他擺開拳架,徑直開始練習第二路拳法,而其他的弟子都是心不在焉了,不是興奮議論,就是無心練拳。
霍瑤臨出門前,美目有些好奇地撇了館內唯一一個還在專注練拳的趙峰一眼,隨後移開不再關注,她在府城見多了世面,深深知道有些東西是天註定的。後天再怎麼努力也達不到那個高度。只是可惜這份持之以恆的毅力了。
自從楚凡進階大石縣最年輕的暗勁後,可謂是名聲鵲起,成為了很多沃尓沃大戶,商行眼裡的香餑餑,到哪裡都是人群中的焦點,更是武館新來的弟子中公認的偶象。每次他來武館,都是前呼後擁。
而趙峰卻是依然和之前並無二致,在武館之內專心練功,除了和二師兄之外,與其他的人都交集不多。

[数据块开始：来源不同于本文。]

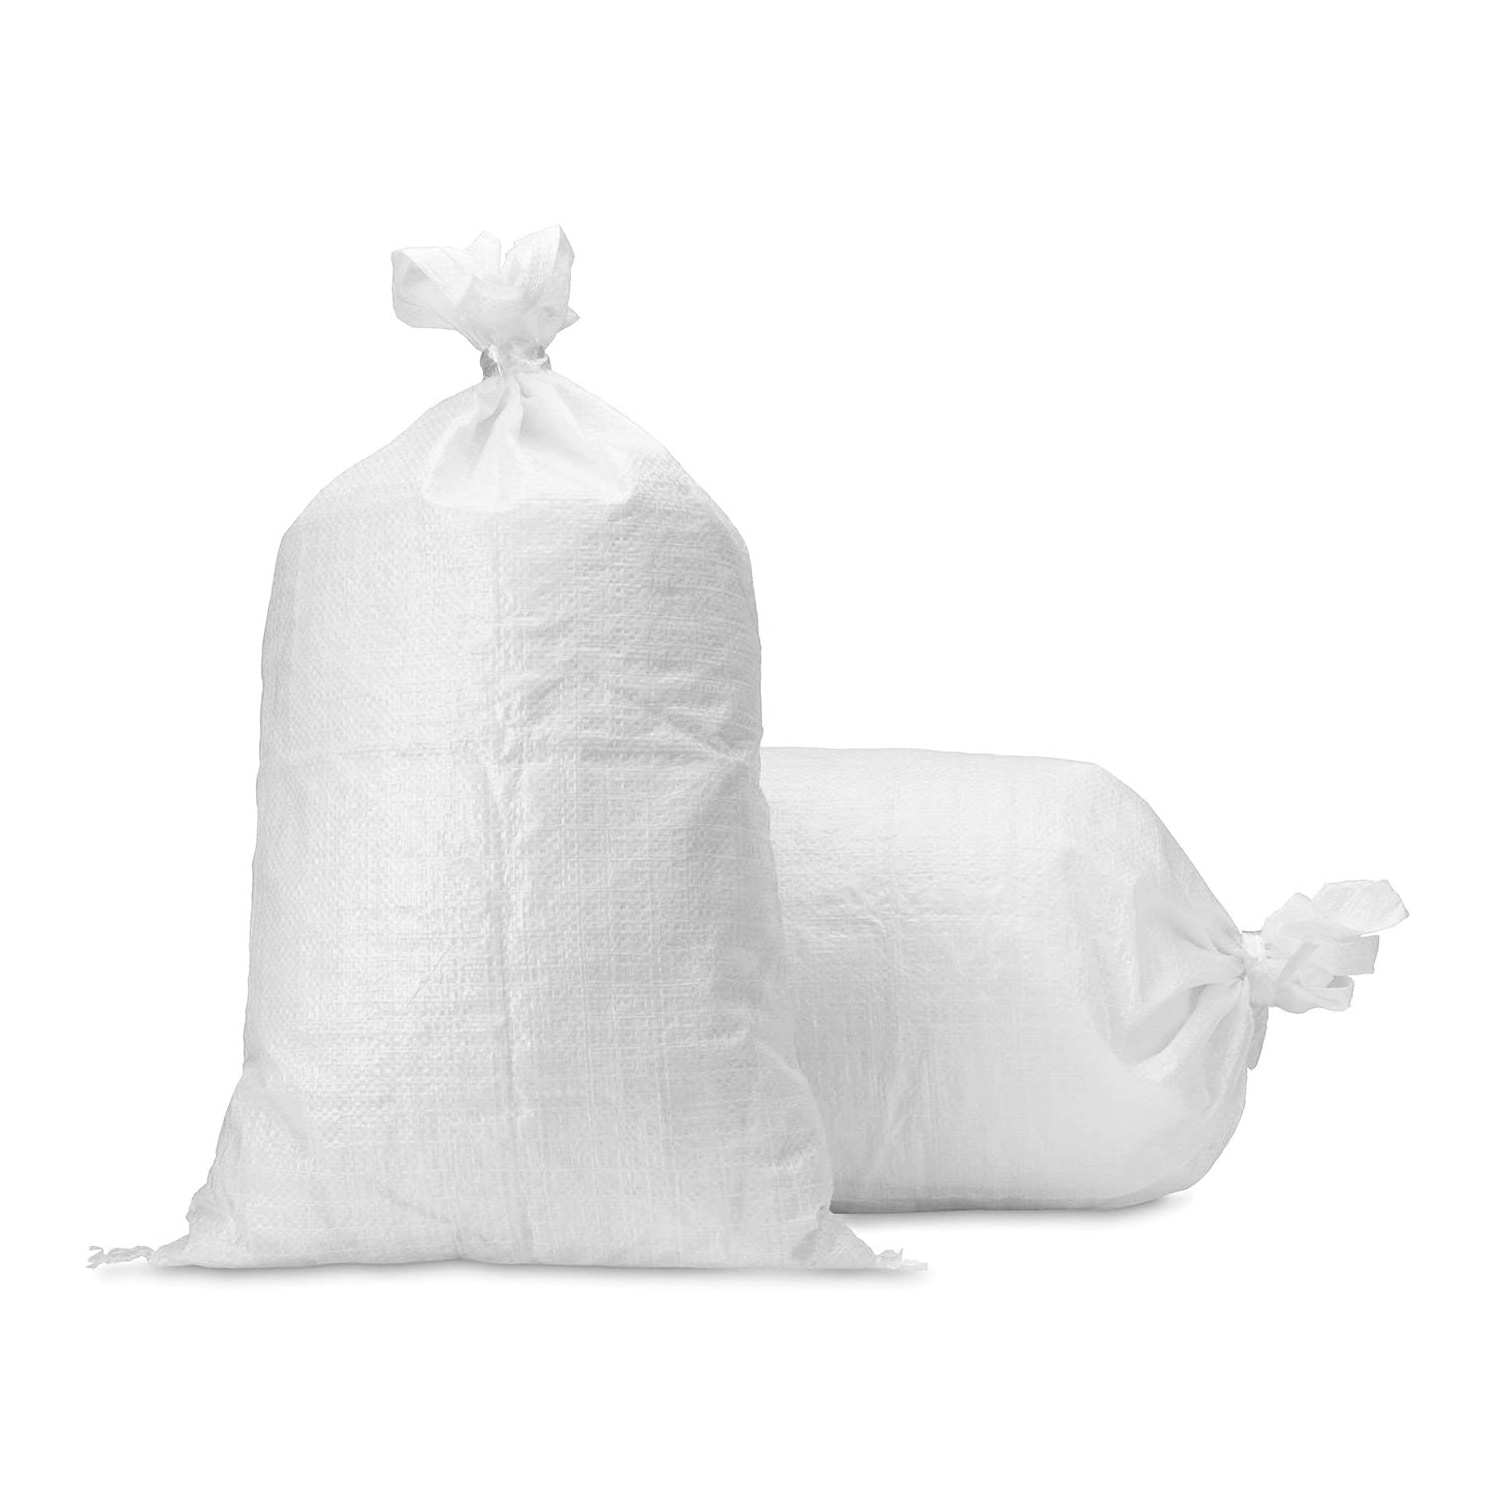 5 Woven POLYPROPYLENE Bags Sacks 60 x 100 PP Rubble Heavy Duty Bags Sandbags 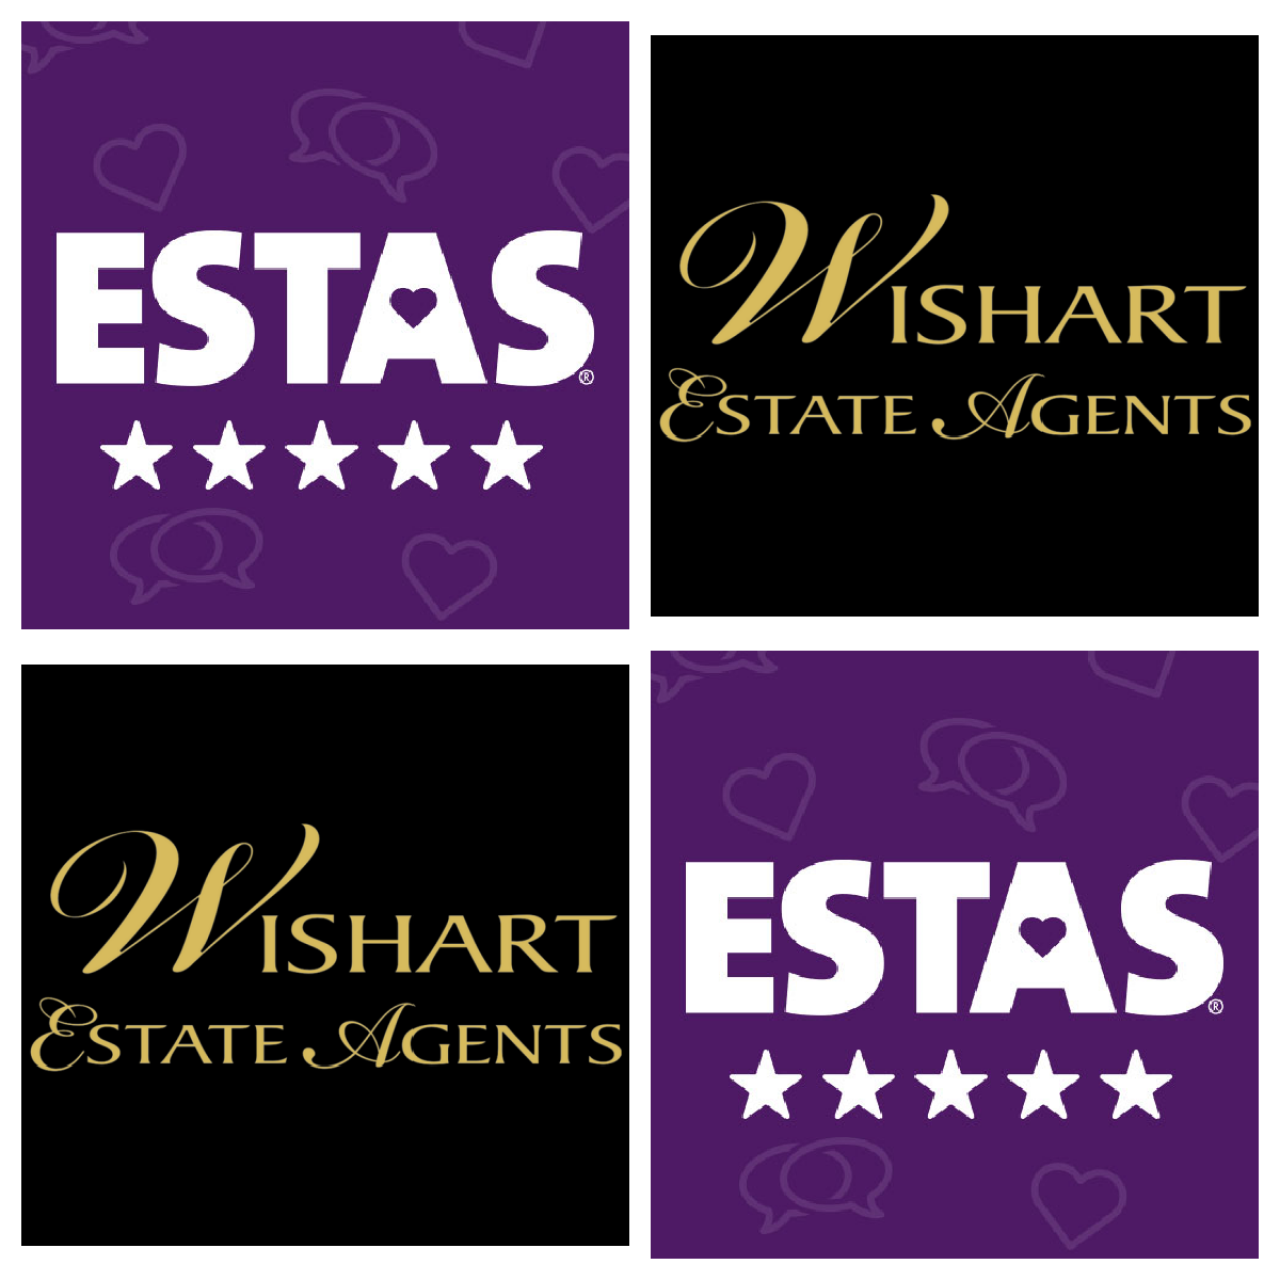 >Wishart EA logo & ESTAS Awards logo

楚凡也似乎淡忘了這個讓他有些膈應的同期師兄,眼裡完全已經沒有他。
時間如流水般劃過,外城各個幫派之間火併越來越頻繁,包括黑虎幫和三合幫之間鬧的動靜也越來越大了,火併也越來越激烈。
外城通化坊,黑虎幫總壇。
“哐當!”黑虎幫幫主馮大虎將鋼刀重重扔在了桌子上,端起桌子上的一瓢涼水,仰頭猛灌了幾大口,燥熱的胸腔才漸漸平復下來。
“孃的,張禿子這個王八羔子,本幫主遲早剁了他。”
馮大虎很心煩,作為明勁巔峰高手,他創立的黑虎幫在外城城西這一片短短幾年替他聚斂了鉅額的財富,可是本來實力不如他們的三合幫這段時間突然崛起,與他們發生衝突。黑虎幫漸漸處於下風,損失了一批人手和地盤。
“這不對勁,三合幫怎麼實力增長地這麼快。”馮大虎百思不得其解。
馮大虎想到自己在外地的弟弟二虎,如果他能回來幫自己,情況一定會扭轉。
這時候,幫內的軍師呂通走了進來。
“幫主,關於陳豹的死有蹊蹺。”
“哦?”馮大虎眉頭一皺。
陳豹是他手下的香主,按道理死了一個香主也沒什麼大不了的,可是手上有一本帳本也不翼而飛,所以之前他說要追查。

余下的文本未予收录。